## [Raw data]
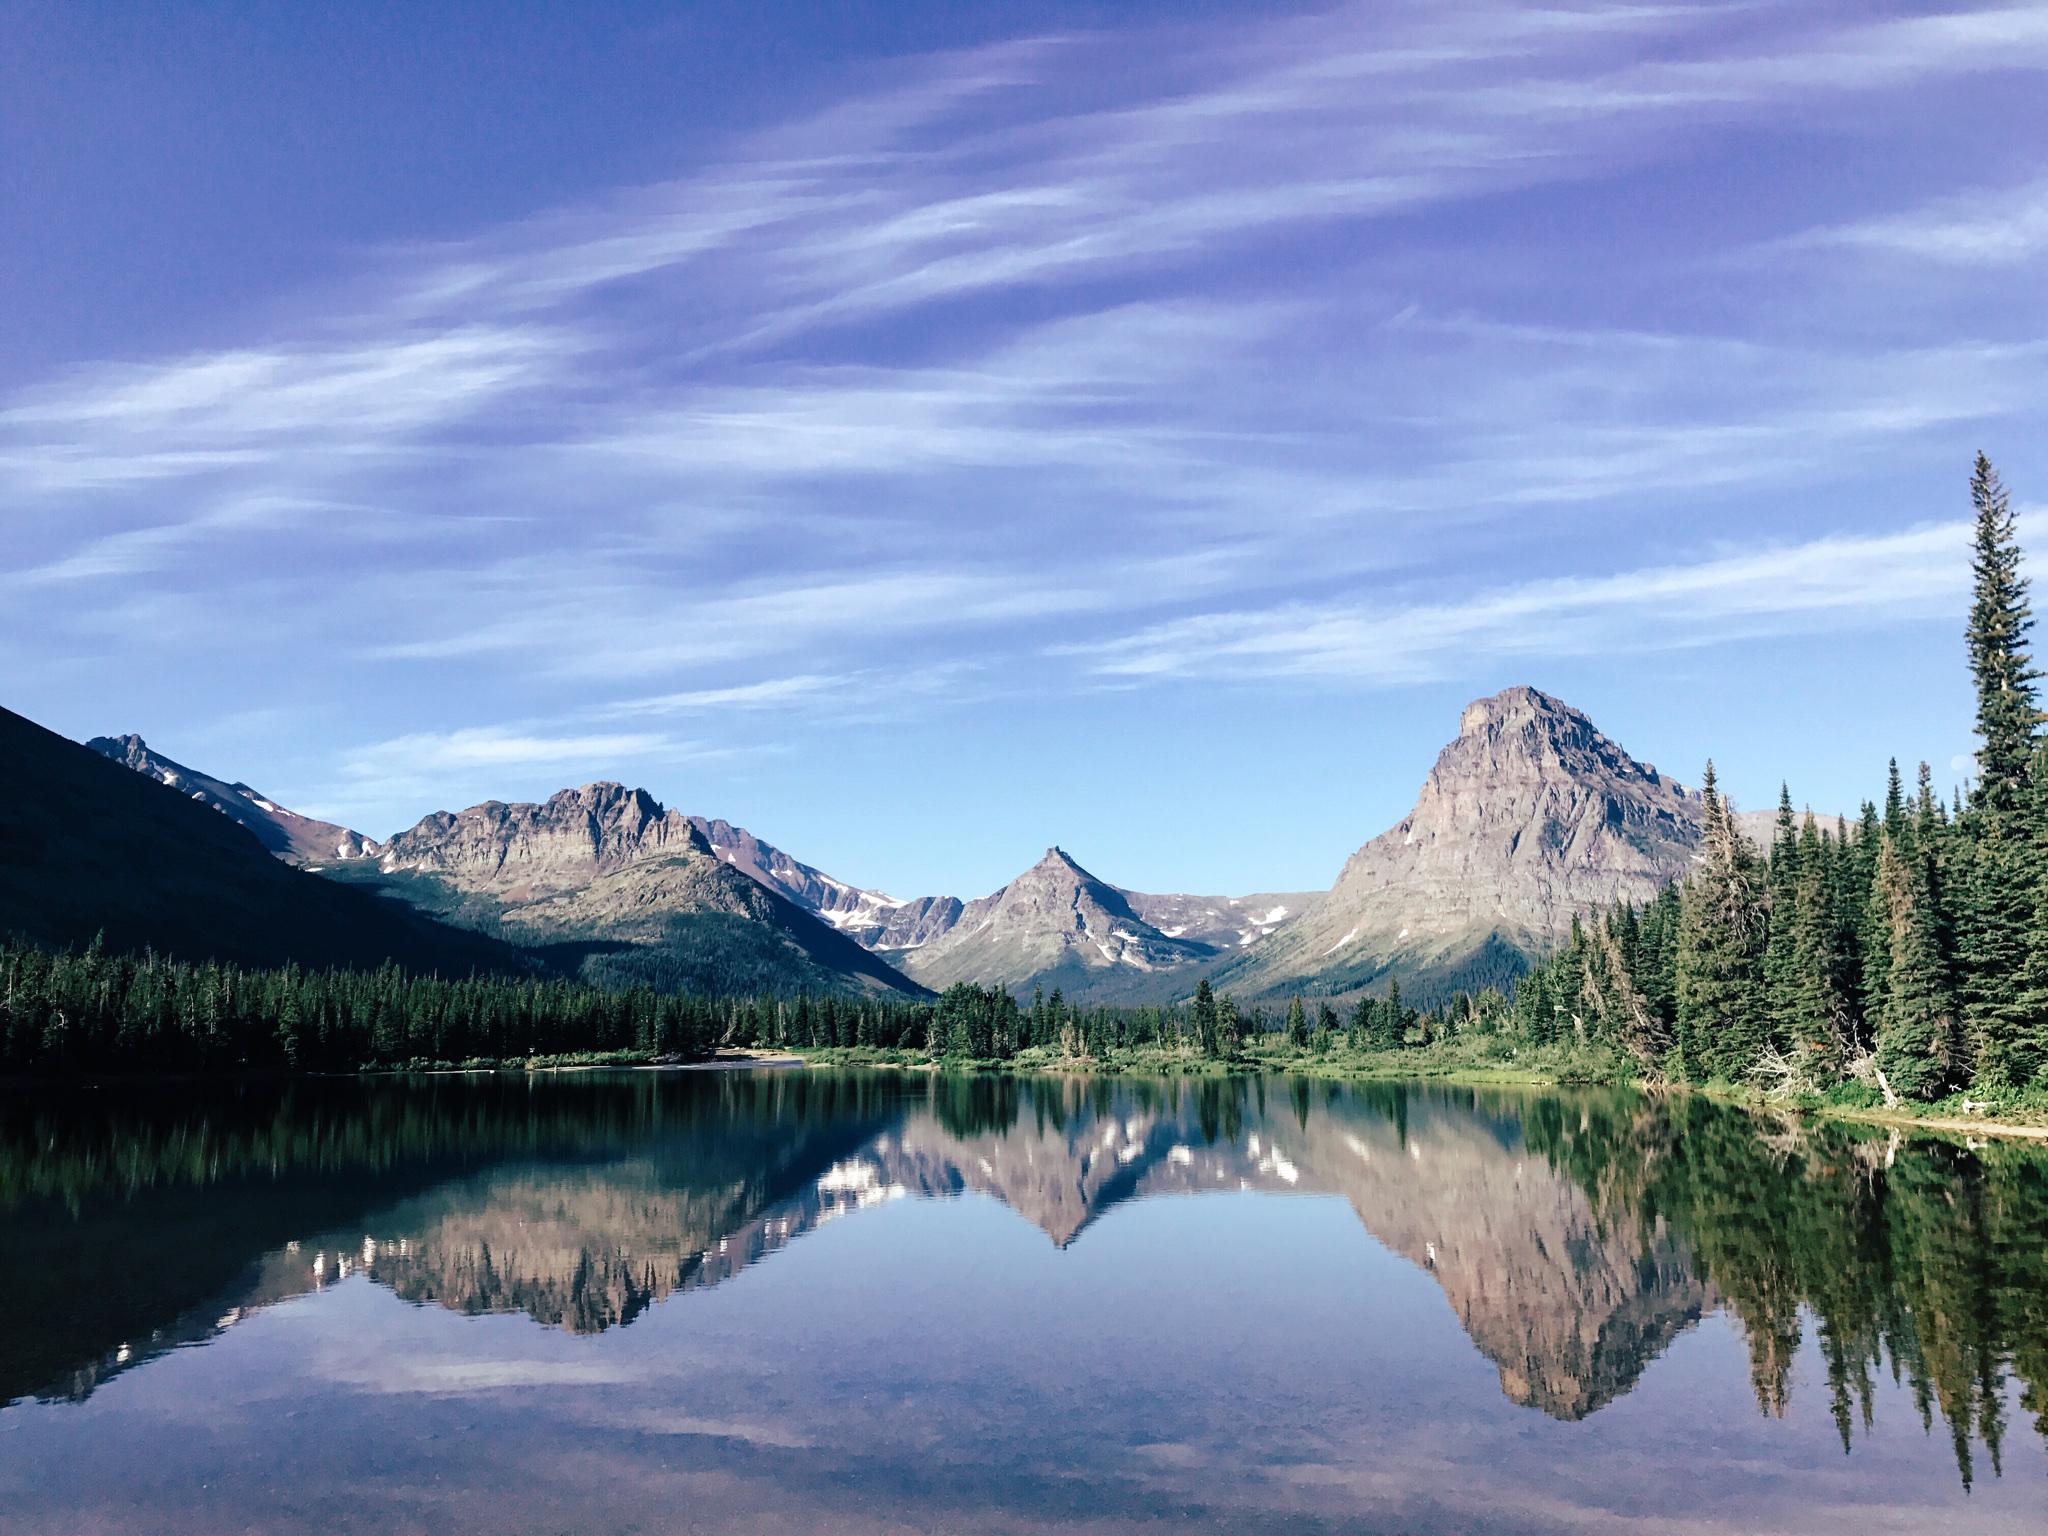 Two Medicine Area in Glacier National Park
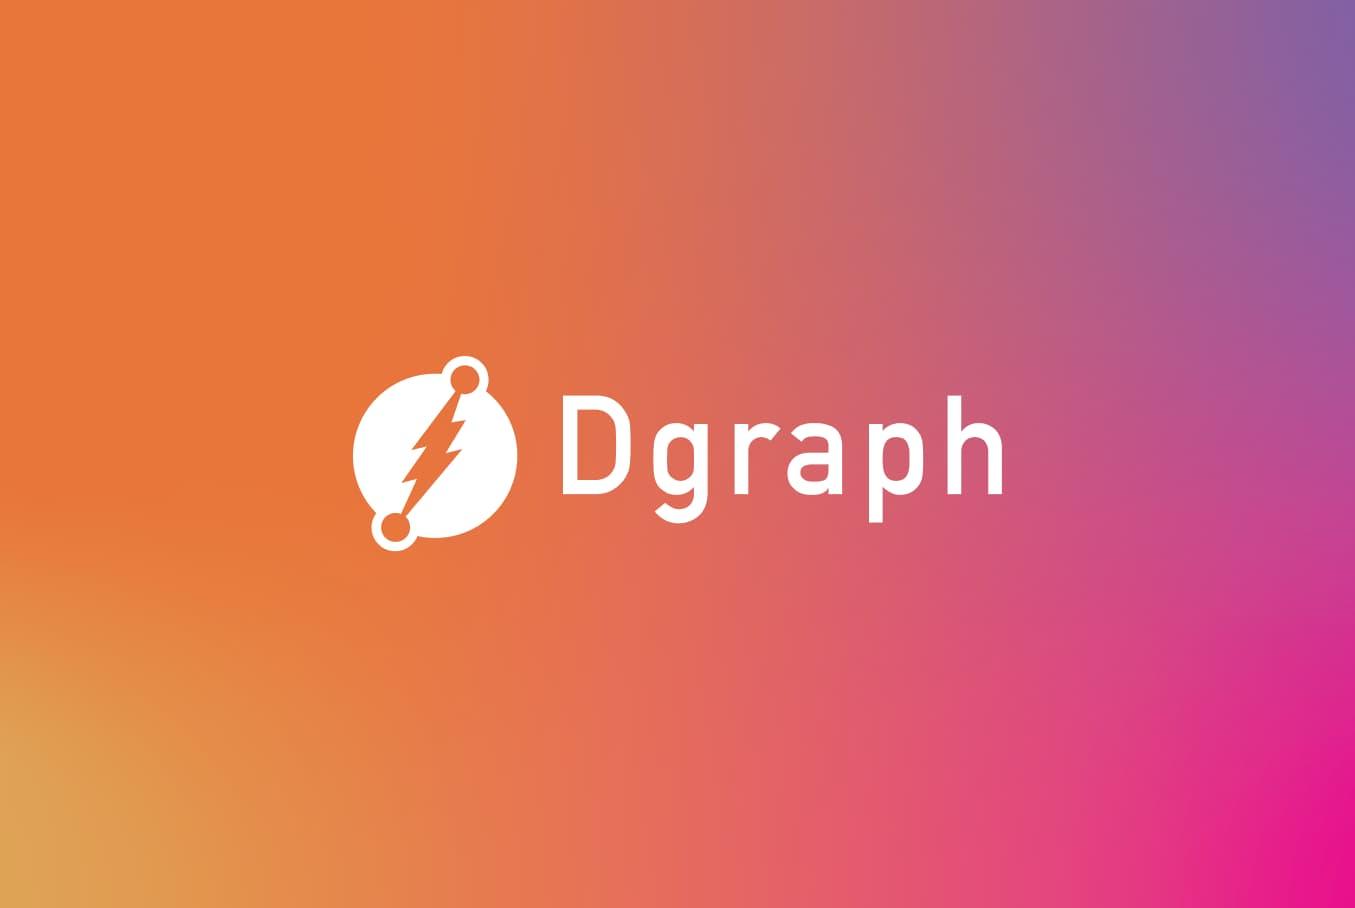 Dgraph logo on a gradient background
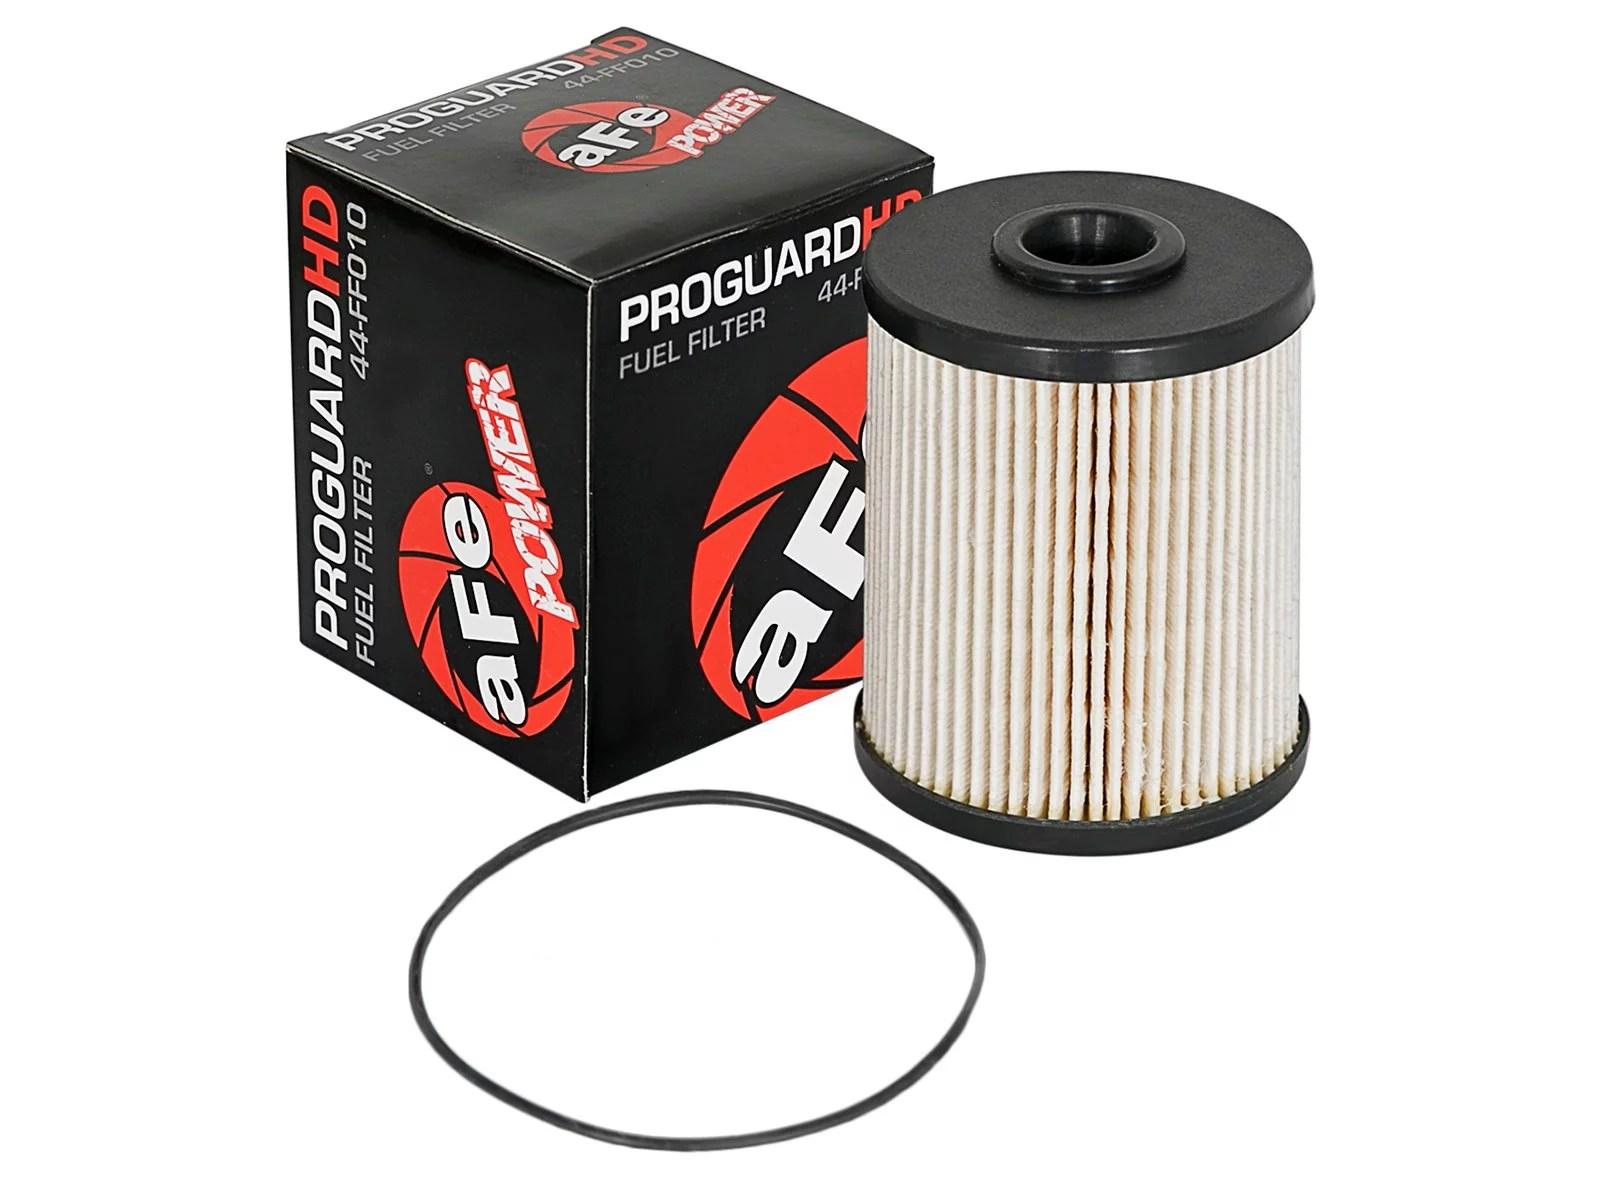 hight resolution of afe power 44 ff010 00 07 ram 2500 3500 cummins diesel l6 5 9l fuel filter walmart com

## [Brief]
The whole listing must be transcribed exactly. No pictures belong in the copy.

## [Written answer]
 Two Medicine Area in Glacier National Park
 Dgraph logo on a gradient background
 hight resolution of afe power 44 ff010 00 07 ram 2500 3500 cummins diesel l6 5 9l fuel filter walmart com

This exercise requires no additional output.